In the bedroom she slipped between the cold sheets. The wind howled outside, a lonely sound; she sensed movement in the rooms beneath her. Dinah rarely saw the Patels; she knew them only through their noises—dish washing, laughter, the low hum of the radio. She was grateful for their presence below her, a buffer between her and the street.

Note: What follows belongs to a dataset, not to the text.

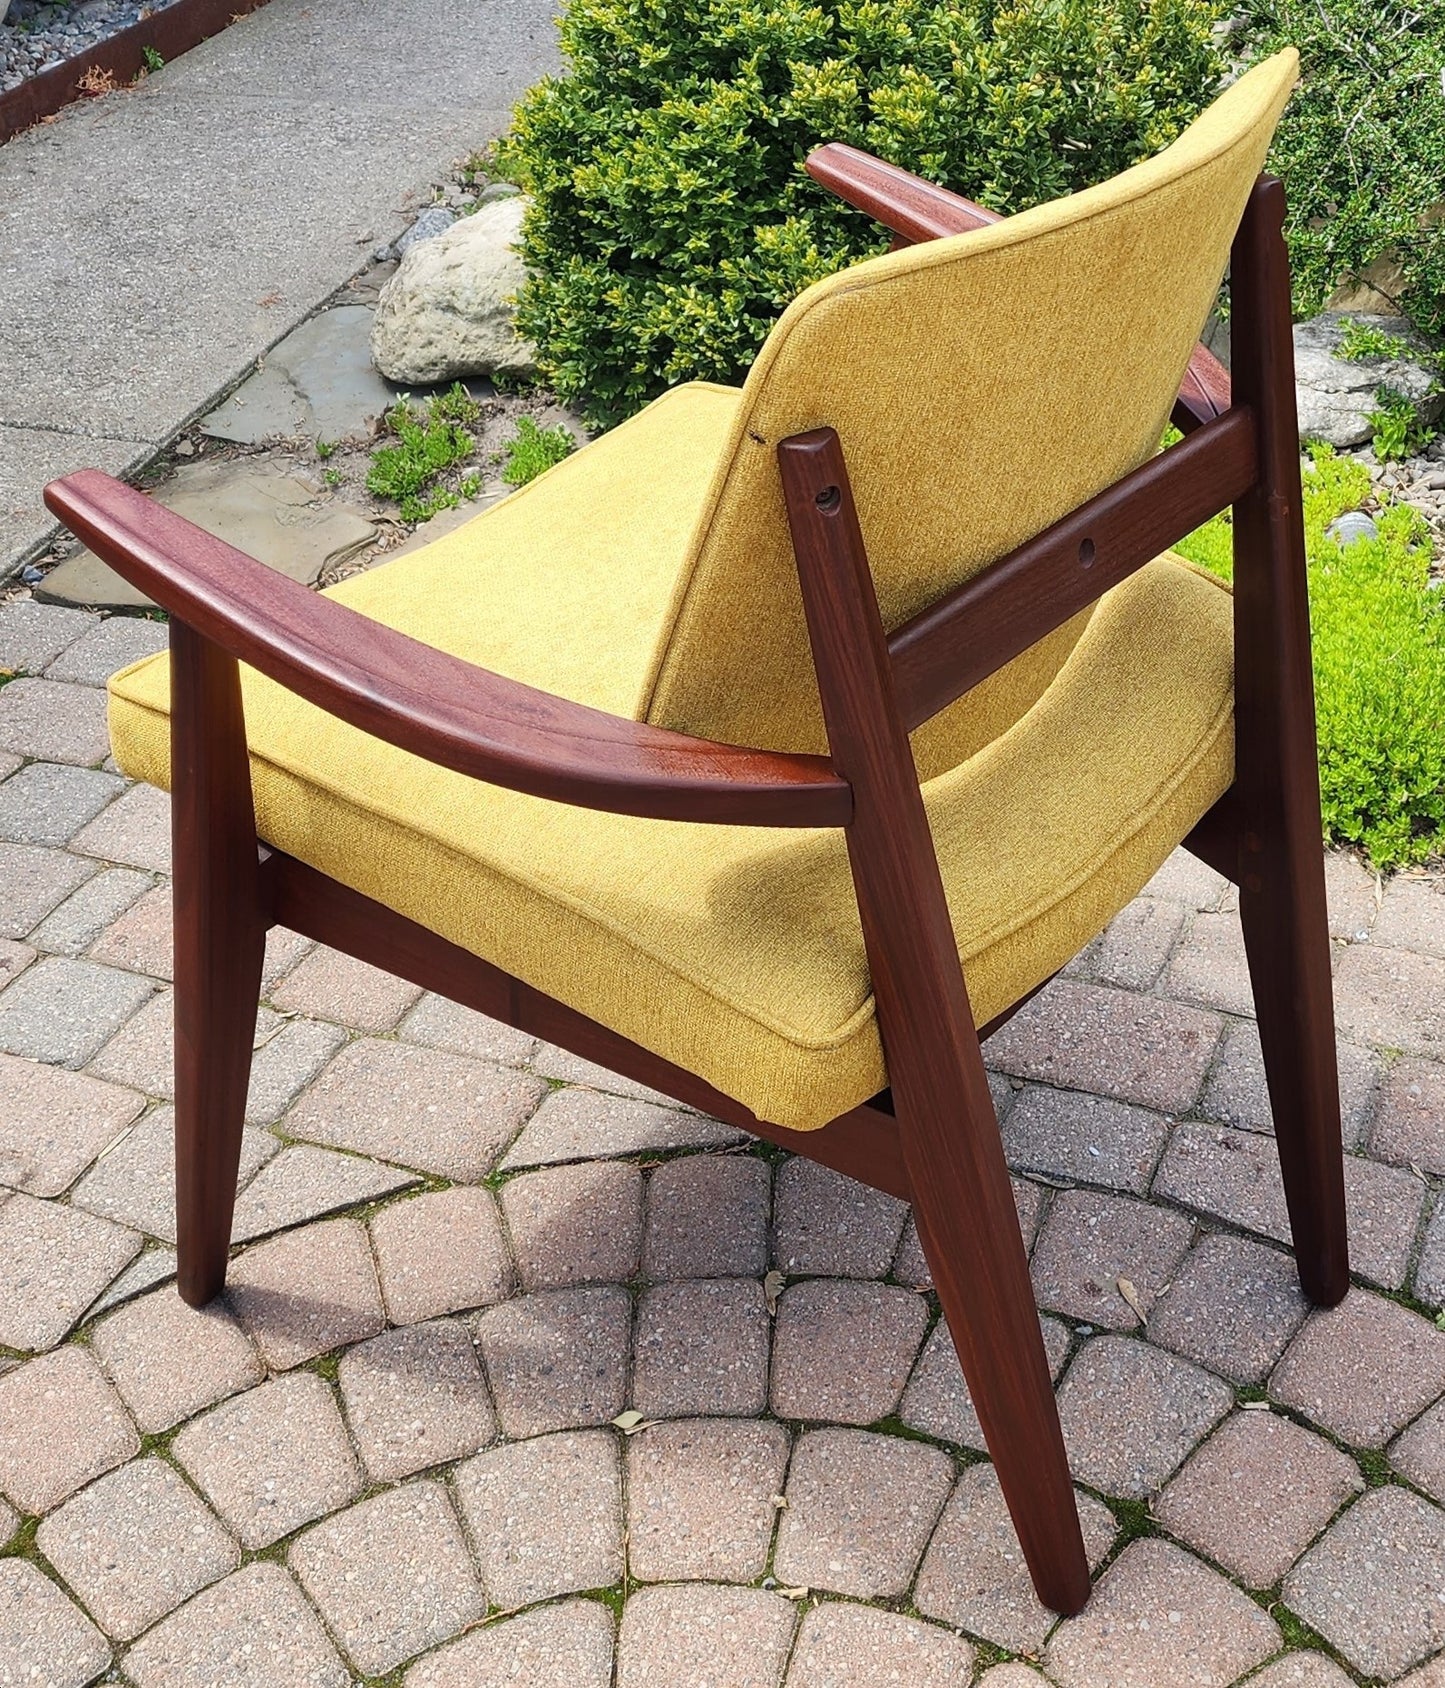 REFINISHED REUPHOLSTERED Mid Century Modern Afromosia Arm Chair by Jan Kuypers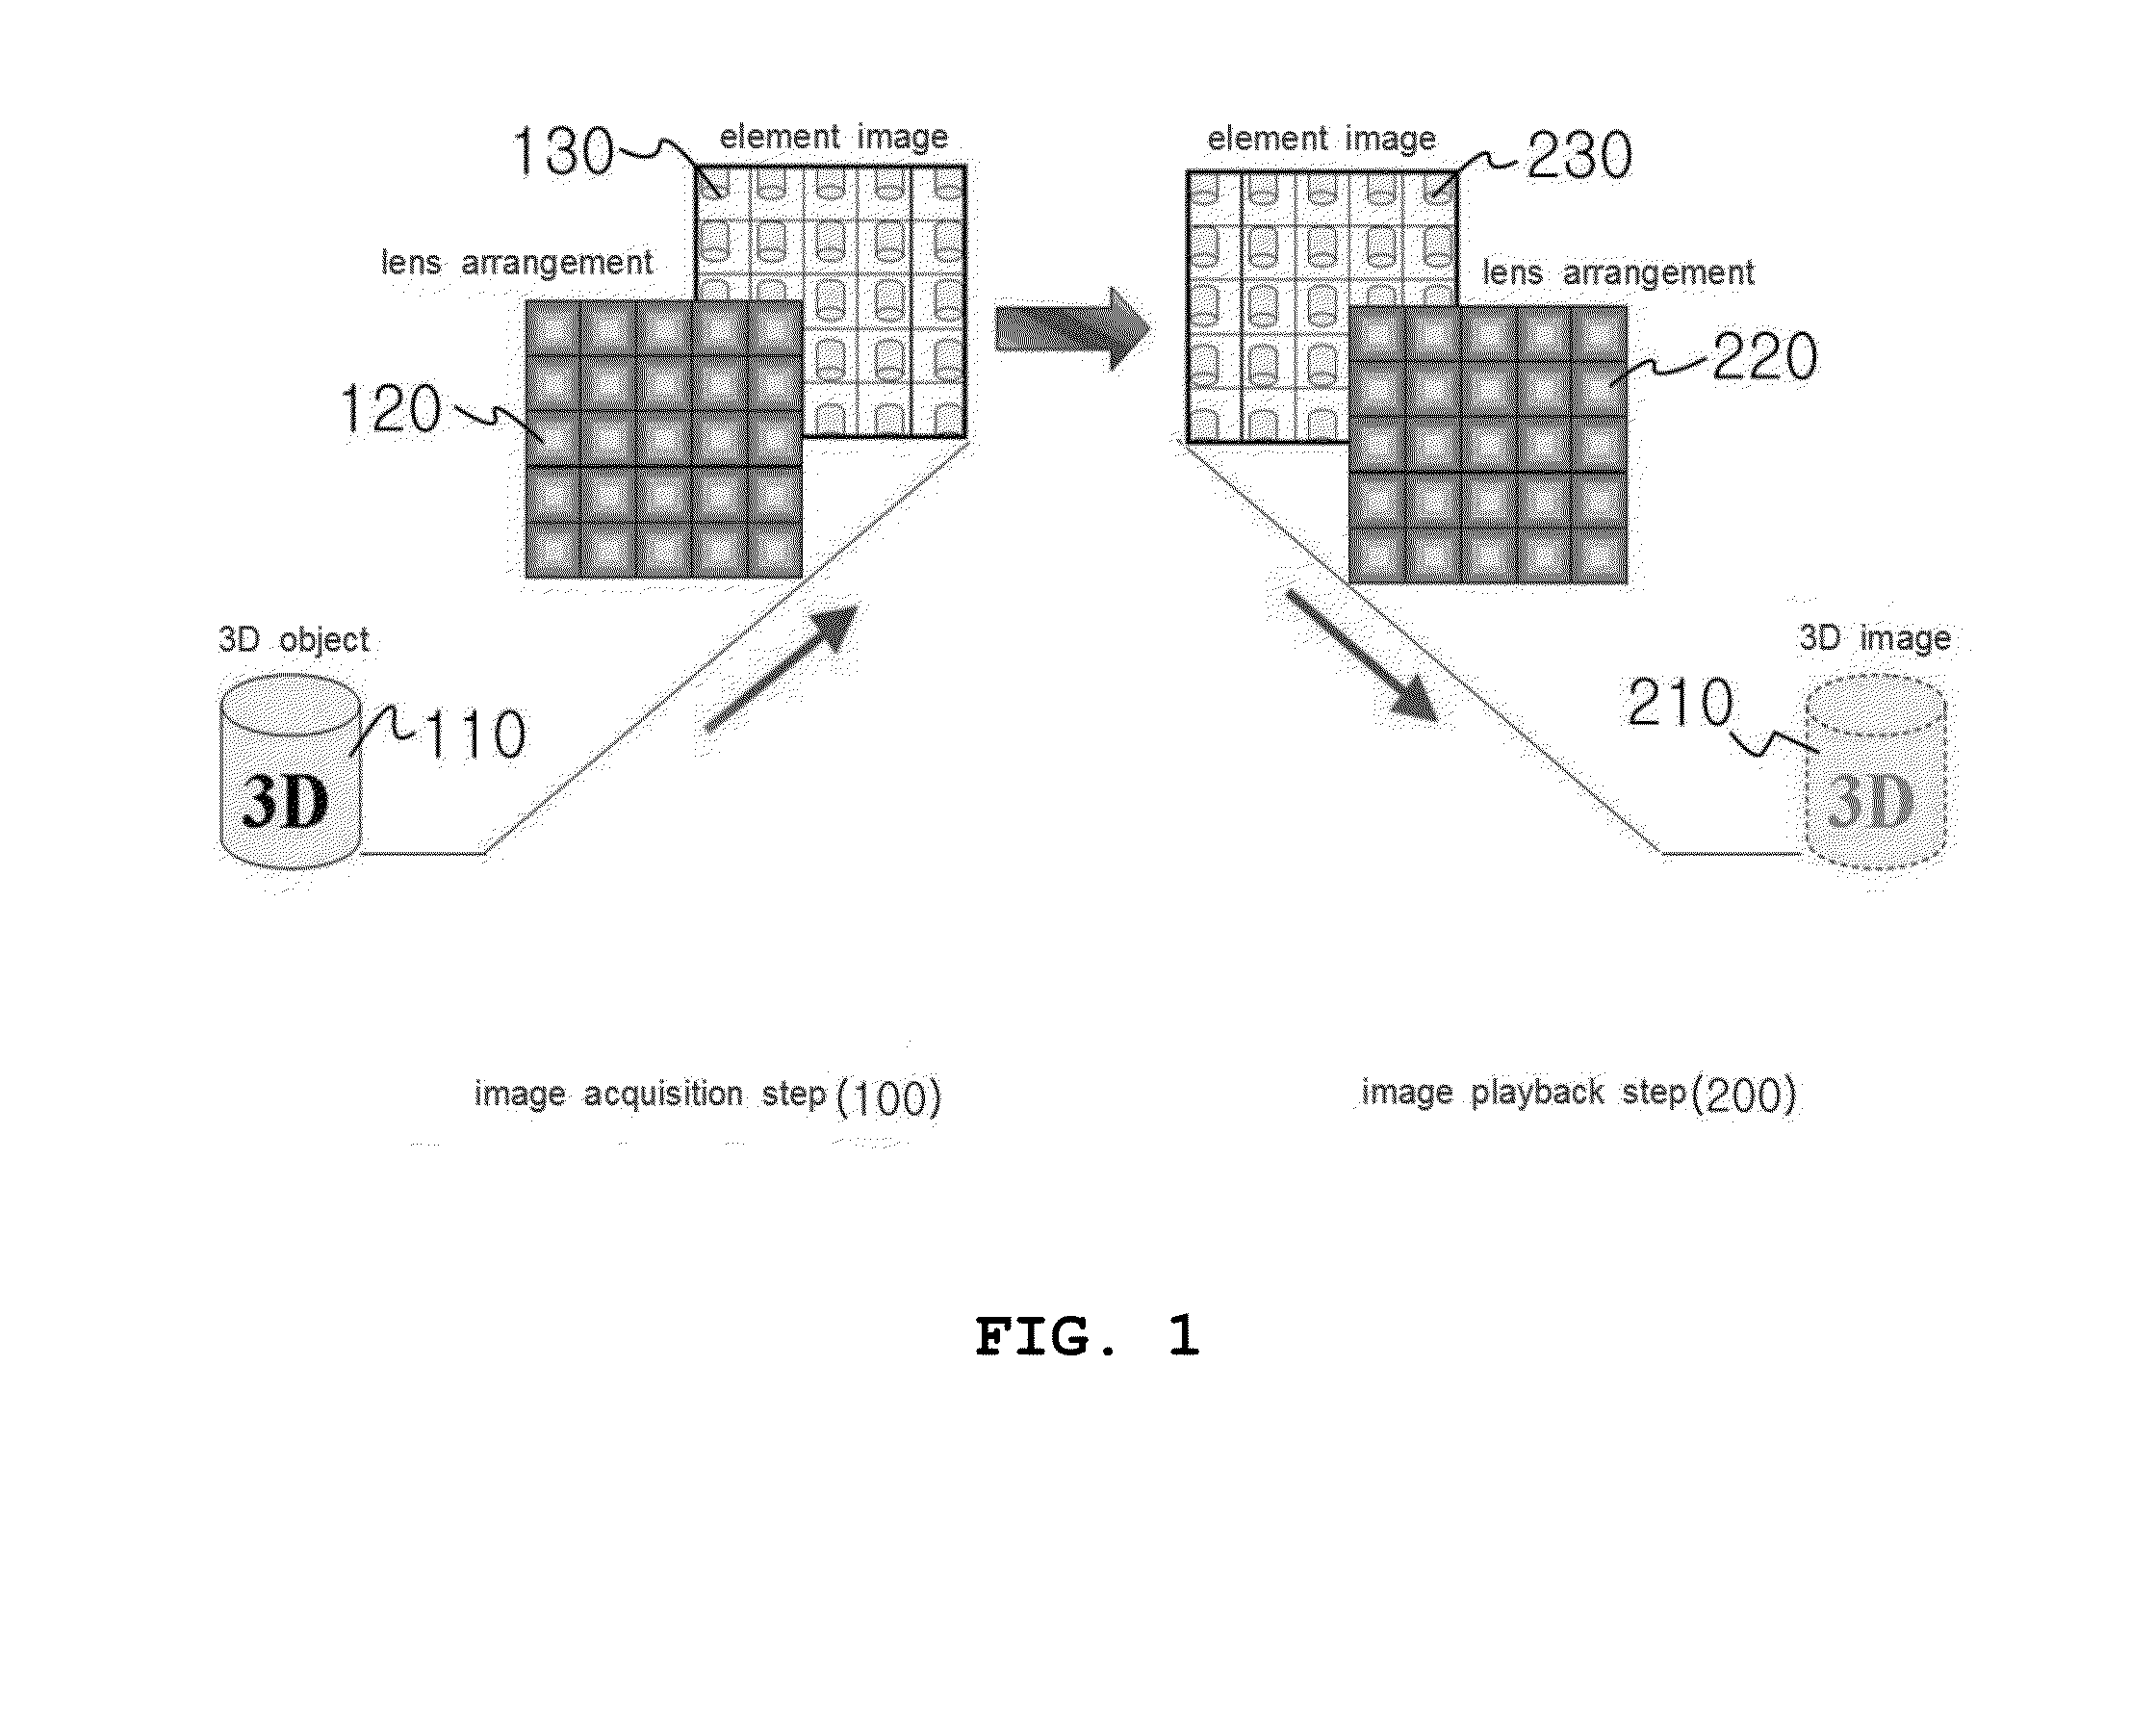 Method for displaying three-dimensional integral images using mask and time division multiplexing

Her aching back released into the mattress. Beneath her the noises grew louder. She heard them several times a week: a soft whimpering, like an animal’s cry; the rumble of a deeper voice. Dinah held her breath. She waited for the usual cadence, the rhythmic thud of the headboard against the wall. Dillip was slender and soft-spoken; she imagined he would be very gentle.

The sounds quickened. Dinah closed her eyes and thought of Dillip’s skin, the hard muscles of his legs—in the summer he rode his bicycle in terry-cloth shorts. He was studying to be an obstetrician; he would know her body better than she did herself.

A small cry, a sudden silence. Dinah imagined the heat of his mouth, his hands on her face, loving and uncritical; hands that ushered newborn babies into life. She closed her eyes. Outside, snow floated down from heaven. Somewhere, not far away, Reverend Kimble was sleeping.